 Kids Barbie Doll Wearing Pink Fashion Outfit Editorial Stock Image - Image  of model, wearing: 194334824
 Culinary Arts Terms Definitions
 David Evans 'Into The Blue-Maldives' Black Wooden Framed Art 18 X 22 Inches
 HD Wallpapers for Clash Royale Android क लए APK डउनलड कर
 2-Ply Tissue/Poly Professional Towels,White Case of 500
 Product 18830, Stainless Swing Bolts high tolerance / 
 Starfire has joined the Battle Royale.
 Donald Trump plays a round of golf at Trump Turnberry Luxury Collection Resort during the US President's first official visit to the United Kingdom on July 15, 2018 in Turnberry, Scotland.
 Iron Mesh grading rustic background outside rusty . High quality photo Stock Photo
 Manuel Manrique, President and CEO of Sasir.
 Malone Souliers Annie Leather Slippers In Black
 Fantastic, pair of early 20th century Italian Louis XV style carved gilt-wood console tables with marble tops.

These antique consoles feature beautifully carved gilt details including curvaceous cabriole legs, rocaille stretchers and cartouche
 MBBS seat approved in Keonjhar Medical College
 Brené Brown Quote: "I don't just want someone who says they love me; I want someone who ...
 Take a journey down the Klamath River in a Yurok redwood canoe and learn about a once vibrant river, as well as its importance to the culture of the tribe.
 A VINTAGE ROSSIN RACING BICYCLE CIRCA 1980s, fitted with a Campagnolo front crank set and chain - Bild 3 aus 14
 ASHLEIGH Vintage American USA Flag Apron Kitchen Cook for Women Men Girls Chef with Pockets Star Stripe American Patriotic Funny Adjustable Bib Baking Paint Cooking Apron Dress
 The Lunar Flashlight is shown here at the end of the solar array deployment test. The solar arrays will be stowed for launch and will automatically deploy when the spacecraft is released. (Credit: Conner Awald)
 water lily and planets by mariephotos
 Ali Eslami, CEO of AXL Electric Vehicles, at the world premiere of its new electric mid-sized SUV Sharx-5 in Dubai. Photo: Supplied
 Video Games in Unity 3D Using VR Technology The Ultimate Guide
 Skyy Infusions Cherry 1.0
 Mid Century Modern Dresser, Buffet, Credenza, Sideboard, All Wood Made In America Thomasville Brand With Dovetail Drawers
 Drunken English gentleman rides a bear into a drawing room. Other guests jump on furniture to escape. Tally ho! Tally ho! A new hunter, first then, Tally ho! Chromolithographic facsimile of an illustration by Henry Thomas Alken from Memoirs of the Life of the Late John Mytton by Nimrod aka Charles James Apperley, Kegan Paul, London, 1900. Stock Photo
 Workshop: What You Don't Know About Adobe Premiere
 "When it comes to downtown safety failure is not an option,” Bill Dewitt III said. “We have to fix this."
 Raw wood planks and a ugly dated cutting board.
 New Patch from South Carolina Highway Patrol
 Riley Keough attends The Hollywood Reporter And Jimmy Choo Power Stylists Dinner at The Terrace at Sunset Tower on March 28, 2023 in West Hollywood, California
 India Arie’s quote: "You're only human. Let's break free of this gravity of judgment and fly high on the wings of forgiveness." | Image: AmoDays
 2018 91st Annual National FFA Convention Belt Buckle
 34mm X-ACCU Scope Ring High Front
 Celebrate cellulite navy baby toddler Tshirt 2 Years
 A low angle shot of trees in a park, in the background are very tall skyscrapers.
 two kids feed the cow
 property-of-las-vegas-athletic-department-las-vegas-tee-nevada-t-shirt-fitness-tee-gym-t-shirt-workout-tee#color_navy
-*-*-
--- Requirement ---
Starting at the line with "Mid Century Modern" and ending at the line with "Riley Keough attends", print each line of the listing above exactly, with no other lines.

--- Result of this exercise ---
 Mid Century Modern Dresser, Buffet, Credenza, Sideboard, All Wood Made In America Thomasville Brand With Dovetail Drawers
 Drunken English gentleman rides a bear into a drawing room. Other guests jump on furniture to escape. Tally ho! Tally ho! A new hunter, first then, Tally ho! Chromolithographic facsimile of an illustration by Henry Thomas Alken from Memoirs of the Life of the Late John Mytton by Nimrod aka Charles James Apperley, Kegan Paul, London, 1900. Stock Photo
 Workshop: What You Don't Know About Adobe Premiere
 "When it comes to downtown safety failure is not an option,” Bill Dewitt III said. “We have to fix this."
 Raw wood planks and a ugly dated cutting board.
 New Patch from South Carolina Highway Patrol
 Riley Keough attends The Hollywood Reporter And Jimmy Choo Power Stylists Dinner at The Terrace at Sunset Tower on March 28, 2023 in West Hollywood, California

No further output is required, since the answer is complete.